One-hot encoding of category tensors in PyTorch

This article has been authorized by the Jishi platform and first published on the public account of the Jishi platform. It may not be reprinted without permission.

Original document: https://www.yuque.com/lart/ugkv9f/src5w8
Code repository: https://github.com/lartpang/CodeForArticle/tree/main/OneHotEncoding.PyTorch

foreword

One-hot form of encoding is very common in deep learning tasks, but it is not a very natural way of storing data. So in most cases, we need to manually convert it ourselves. Although the idea is very straightforward, that is, to split the categories into 0-1 vectors corresponding to one-to-one, but the specific implementation still needs to be thought about. In fact pytorch itself nn.functional has been provided one_hot method to quickly apply. But this does not affect our thinking and practice :>! Therefore, this article tries to based on the commonly used method to achieve one-hot encoding. I hope it will be useful.
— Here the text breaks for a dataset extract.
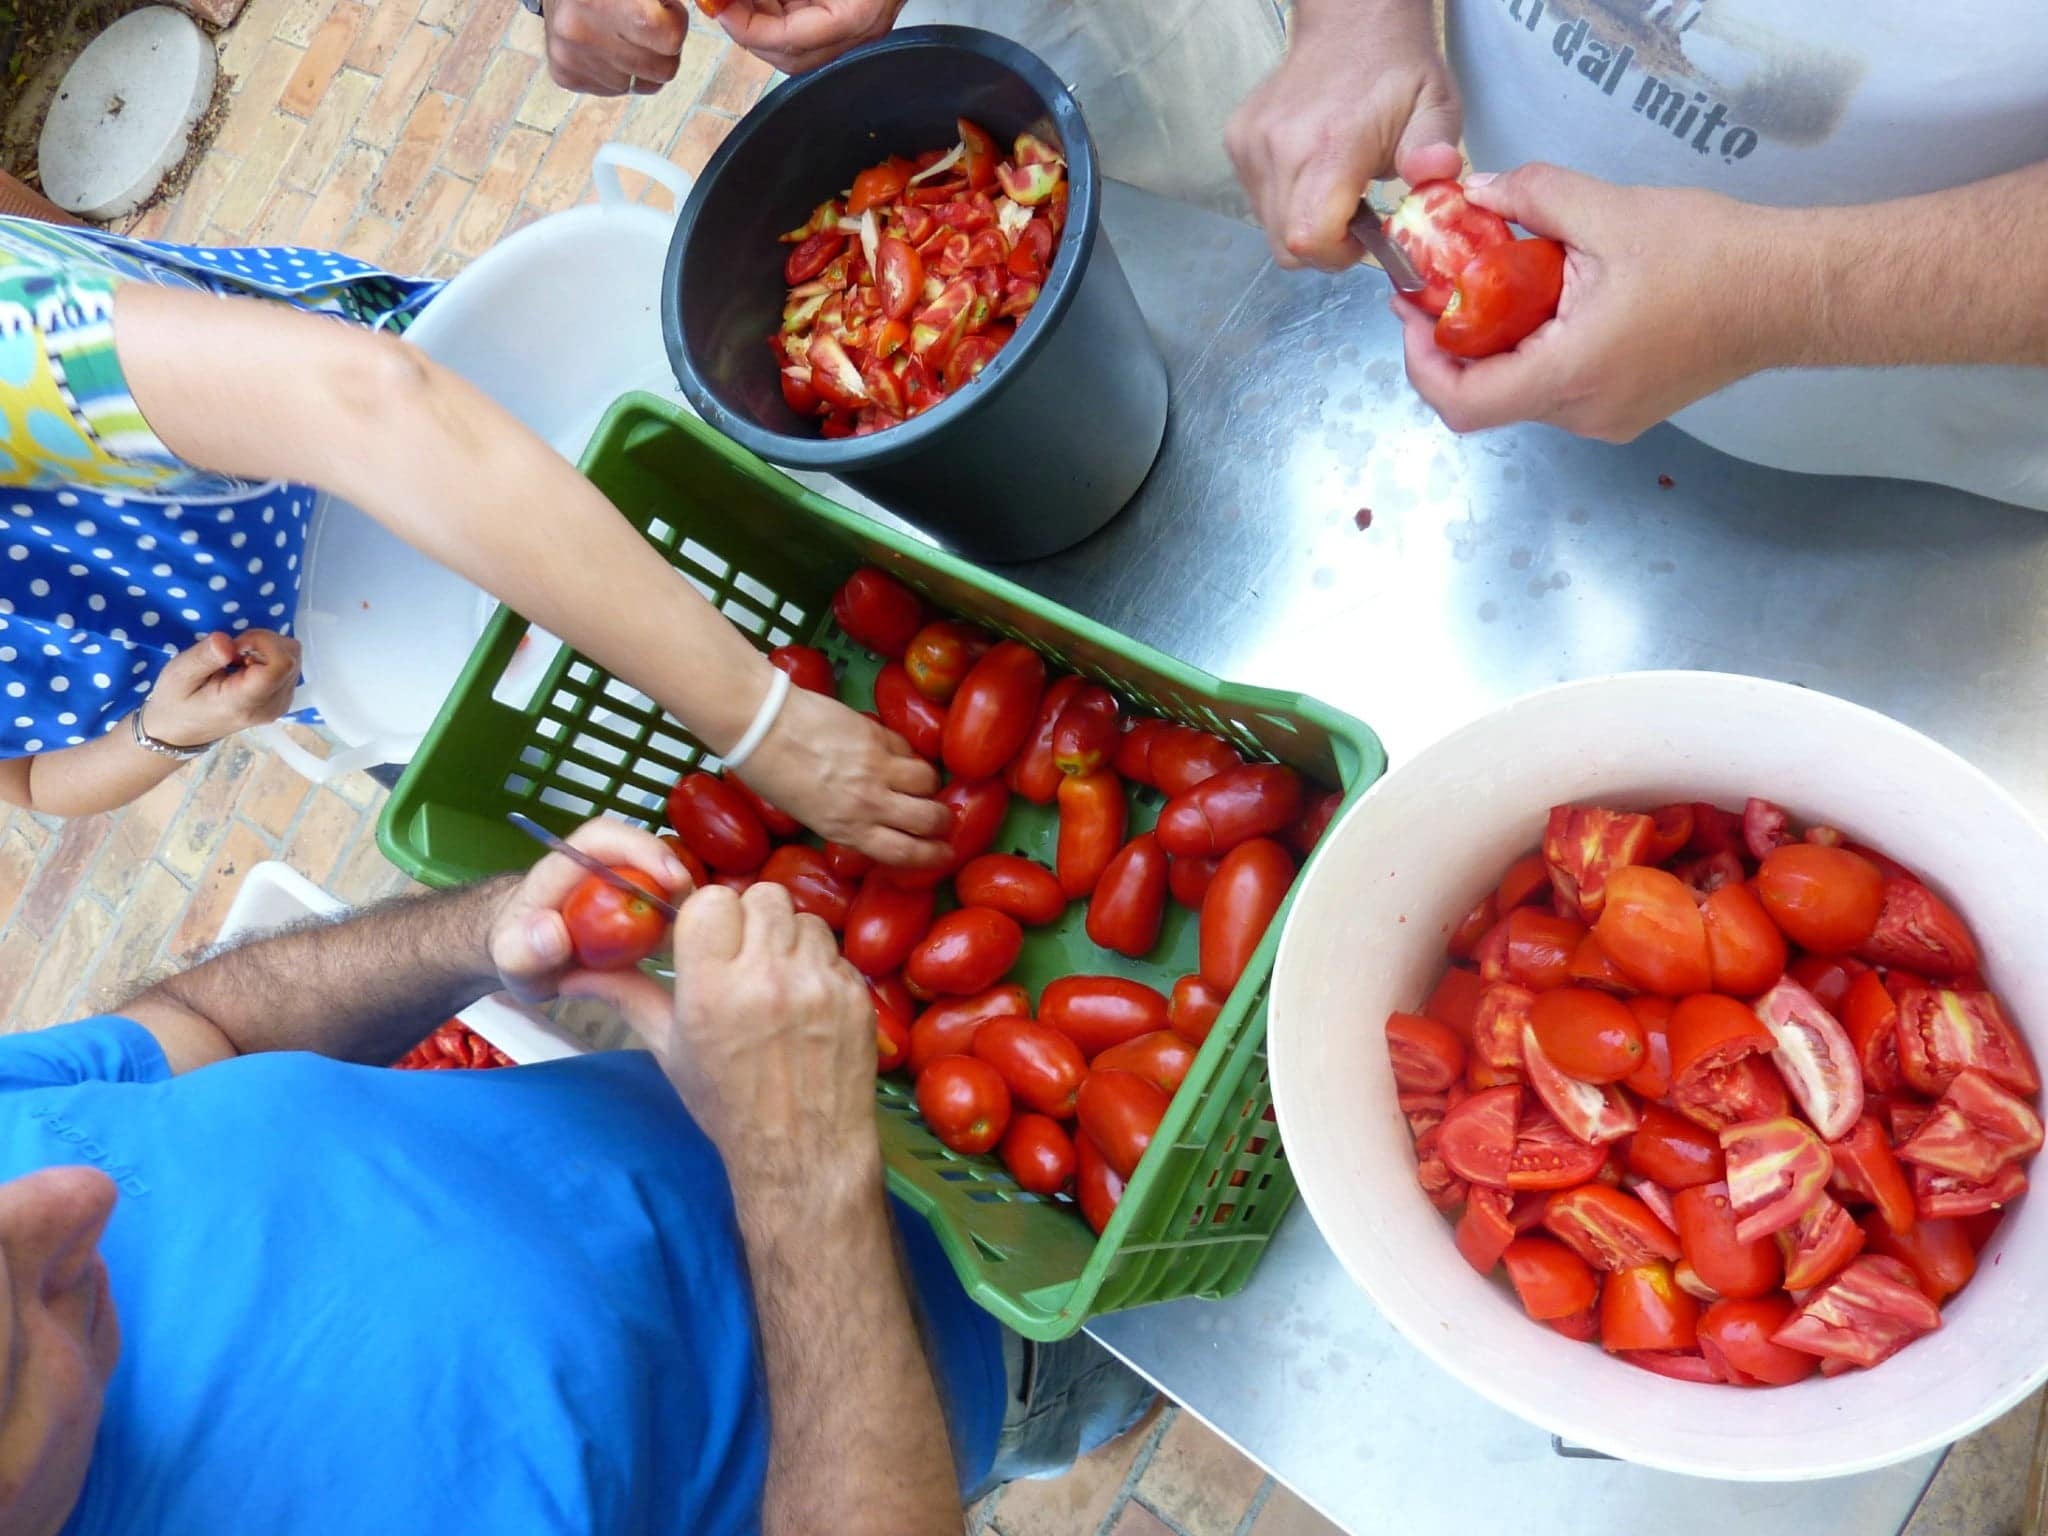 The team cleaning tomatoes

The main ways are as follows:

for Loop
scatter
index_select

`for` cycle

This method is very intuitive. To put it bluntly, it is to perform an assignment (assign 1) operation to a specified position in a blank (all zero) tensor.
The key is how to set the index.
Two schemes that are essentially the same but slightly different due to the different specified dimensions are designed below.

def bhw_to_onehot_by_for(bhw_tensor: torch.Tensor, num_classes: int):
    """
    Args:
        bhw_tensor: b,h,w
        num_classes:
    Returns: b,h,w,num_classes
    """
    assert bhw_tensor.ndim == 3, bhw_tensor.shape
    assert num_classes > bhw_tensor.max(), torch.unique(bhw_tensor)
    one_hot = bhw_tensor.new_zeros(size=(num_classes, *bhw_tensor.shape))
    for i in range(num_classes):
        one_hot[i, bhw_tensor == i] = 1
    one_hot = one_hot.permute(1, 2, 3, 0)
    return one_hot


def bhw_to_onehot_by_for_V1(bhw_tensor: torch.Tensor, num_classes: int):
    """
    Args:
        bhw_tensor: b,h,w
        num_classes:
    Returns: b,h,w,num_classes
    """
    assert bhw_tensor.ndim == 3, bhw_tensor.shape
    assert num_classes > bhw_tensor.max(), torch.unique(bhw_tensor)
    one_hot = bhw_tensor.new_zeros(size=(*bhw_tensor.shape, num_classes))
    for i in range(num_classes):
        one_hot[..., i][bhw_tensor == i] = 1
    return one_hot

`scatter`

This method should be the common form of one_hot In fact, its main function is to assign a value to the specified position in tensor.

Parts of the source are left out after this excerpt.